Today, this route will be followed in reverse by another march that is the opposite of the rightists' march. Instead of calling for death (to the Arabs ), it will raise a joint cry for life - for an end to the occupation and recognition of Palestinian independence.
The march is a joint venture of the Sheikh Jarrah Solidarity Movement, which emerged from the weekly protests against the settlers in Sheikh Jarrah, and the popular committees of the Palestinian neighborhoods of East Jerusalem. It is meant to be neither a Palestinian demonstration in which some Israelis participate, nor an Israeli demonstration in which some Palestinians participate. Rather, it is meant to be a joint demonstration by the peace-seekers of both nations.
This Jerusalem March has special importance because of its timing. When the Knesset is legislating more and more laws aimed at restricting the right to protest, this march will be an important challenge to them. When the government is insisting that Palestinians recognize Israel as the nation-state of the Jewish people, and thereby thwarting any chance of holding peace negotiations, this demonstration will challenge the stasis.
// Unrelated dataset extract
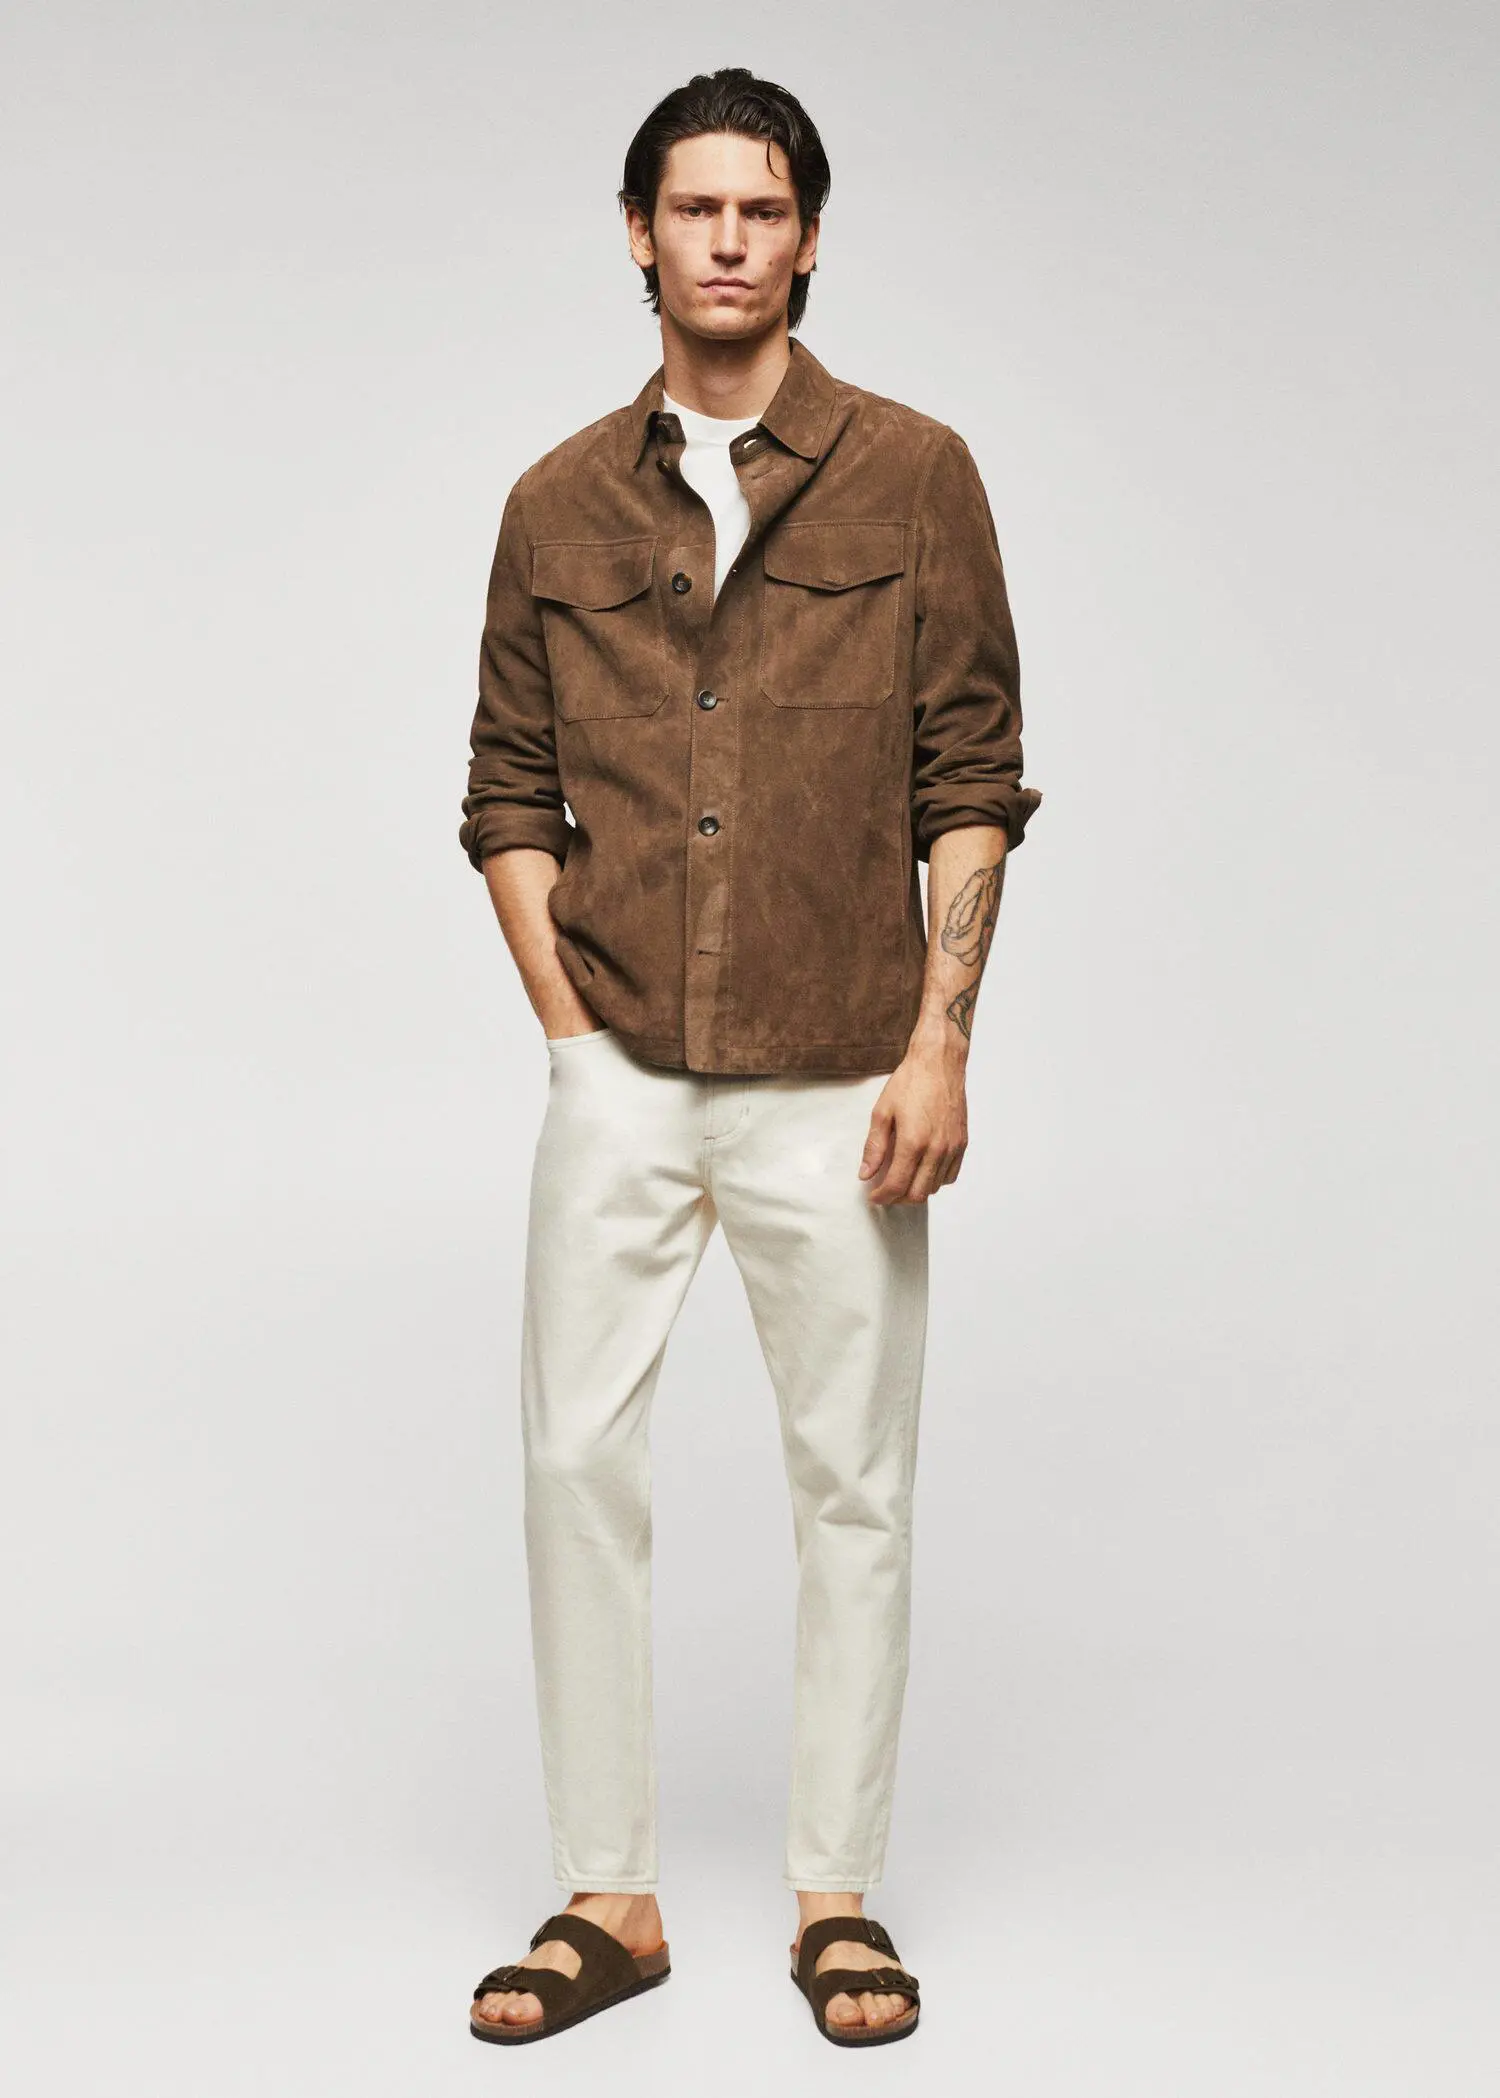 Mango 100% suede leather jacket. a man wearing a brown jacket and white pants.

After citizens of Arab states proved how correct and effective nonviolent protest can be, today's march will try to apply this principle to the battle for the rights of the Palestinian people as well. And at a time when Israel is closing itself off to a world that is growing ever more condemnatory of its behavior, this march can demonstrate that, in spite of everything, there is also another Israel from which other voices can still be heard, voices different from those of the anti-democratic nationalists who have lately been producing a vociferous, almost unanimous chorus.
It must be hoped that this march will pass peacefully, and that right-wingers will not try to sabotage it. Responsibility for ensuring this happens rests with the police. It must also be hoped that the march will indeed serve as a milestone for all those who seek peace and favor nonviolent protest, Israelis and Palestinians alike.